Gone are the days when the world watched, with bated breath, the many talks between the United States and the Soviet Union on reduction and control of nuclear arms development. Gone are the headlines announcing the beginning, continuation and completion of the SALT or START talks. The world has changed.
Now it is the United States – as before – Russia – a replacement for the Soviet Union – and… China! When the SALT and START talks were conducted, no one paid any attention to the Middle Kingdom. Now China is a power to reckon with, not merely economically but also militarily. China is estimated to have some 350 strategic missile launching pads as opposed to some 480 American. That’s hard on America’s heels. Now what negotiations on nuclear arms control and arms limitation can be conducted between the United States and the Russian Federation without taking into the equation the Middle Kingdom?
The problem is that Moscow says it has nothing to do with China: China is not Russia’s military ally, though Washington perceives it as such. Contrarily, Russia views France and the United Kingdom as America’s closest allies, and rightly so: all the three countries belong to NATO. Hence, Russia’s demand that both France and Great Britain be included in the talks is legitimate.
On the other hand, Washington is legitimately concerned about China: under the current circumstances Beijing can certainly be viewed as Russia’s ally rather than that of America. (Just to think of it: China’s might have been created by the United States of which we’ll make a reminder later in the text.) Neither does the Middle Kingdom want to be included in the trilateral talks with the Russian Federation: why should it? It is an independent power – superpower – and it can act at the negotiating table on its own. So much so that Beijing has something to win from Washington: ok, the Chinese may say, we could reduce our military development if you lift the sanctions on China and the countries that wish to trade with the Middle Kingdom. How about that? Nuclear might is always a fine bargaining chip, is it not?
It is even true of tiny North Korea as well: not that North Korea is so powerful as to be considered for joint talks. No. But Korean nuclear potential is a sufficient deterrent even for such a superpower as the United States. And there is something more to the nuclear potential: it is the determination of the Korean leadership to actually use the missiles if push comes to shove. It is not Venezuela, whose president can be adducted in broad daylight without the perpetrator of the abduction fearing any retaliation, but we are digressing.
The balance of forces has changed since the year in which the Soviet Union disintegrated. For maybe as many as two decades the United States dominated the globe and felt so self-assured that Washington began to dictate to the whole globe. This, however, has changed. Russia has reasserted herself while China has risen to the status of a(n almost) superpower.
Which by the way is good for humanity.
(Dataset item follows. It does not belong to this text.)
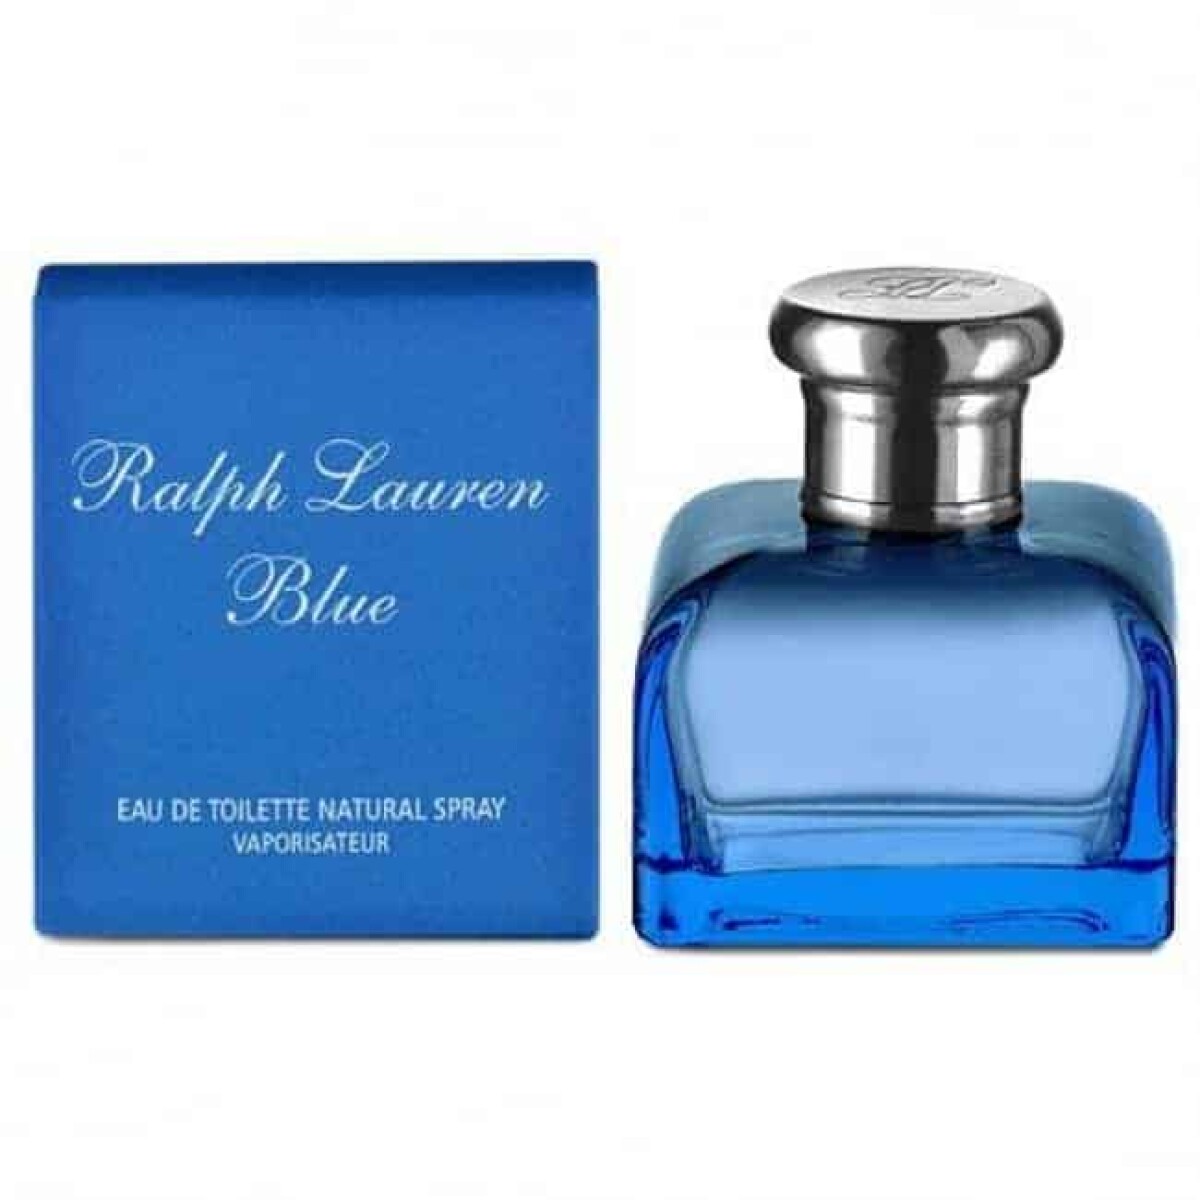 Perfume Ralph Lauren Blue Edt 125 ml

One superpower with no rival to fear would soon become corrupted and degenerated. All the other countries would have felt intimidated with no alternative anywhere in sight. Fortunately, a world emerges where there are three or maybe four (if we include India) big players, which allows for the smaller entities to have a political alternative, and which keeps each superpower in check.
A new arrangement needs to be made – no one power wants the prospect of a nuclear shootout. Talks are not going to be easy, because it is now three big entities, not two.
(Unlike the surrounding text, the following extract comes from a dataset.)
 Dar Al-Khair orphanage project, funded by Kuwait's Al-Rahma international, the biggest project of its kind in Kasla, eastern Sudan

Political persistent rumour has it that Adolf Hitler was the creation of the Western elites who wished to rebuild Germany and direct its power against the Bolshevik Soviet Union. That is why London and Paris did not react when Germany began to arm itself, when Germany incorporated Austria and annexed Czechia; that explains why they did not react when Poland was attacked. The Western elites wanted Germany to expand, grow stronger, and come into physical contact with the Soviet Union. Now Adolf Hitler – assuming he was the darling of the Western elites – stopped playing by their script and turned against them when he attacked Denmark and Norway, the Low Countries and eventually France. It came as a shock: he was supposed to attack the Soviet Union!
Isn’t history repeating itself? The Middle Kingdom was supported by the United States for the express purpose to turn it against the Soviet Union. Washington would have rubbed its hands in glee if Beijing and Moscow started a real hot war! Decades have passed and – due to clumsy American policy-making – Moscow was pushed into Beijing’s embrace while Beijing was pushed in Moscow’s. Now they are – though not formally – economic and military allies. But again, the Kremlin may repeat: we have nothing to do with it. Had not Washington acted the way it did, there would have been no war in Ukraine, no sanctions on Russia and China, and consequently no Russo-Chinese cooperation.
The three gunslingers have a hard nut to crack. Certainly, none wants a nuclear exchange, yet each wants to get the upper hand. They are observing each other attentively, not knowing in which direction to level their guns. It reminds one of the cultic cemetery scene from the 1966 The Good, the Bad and the Ugly classic movie. Do you recall it? Good Blondie (Clint Eastwood), bad Angel Eyes (Lee Van Cleef), and ugly Tuco (Eli Wallach) are facing each other – graves and crosses around them, their hands over their holsters, their eyes darting from face to face, their minds calculating. That’s the United States, that’s the Russian Federation, and that’s the People’s Republic of China facing each other (who is the good, the bad or the ugly is a matter of your political persuasion). In the graveyard scene only one emerges victorious. How will things play out in political reality at beginning of the 21 century?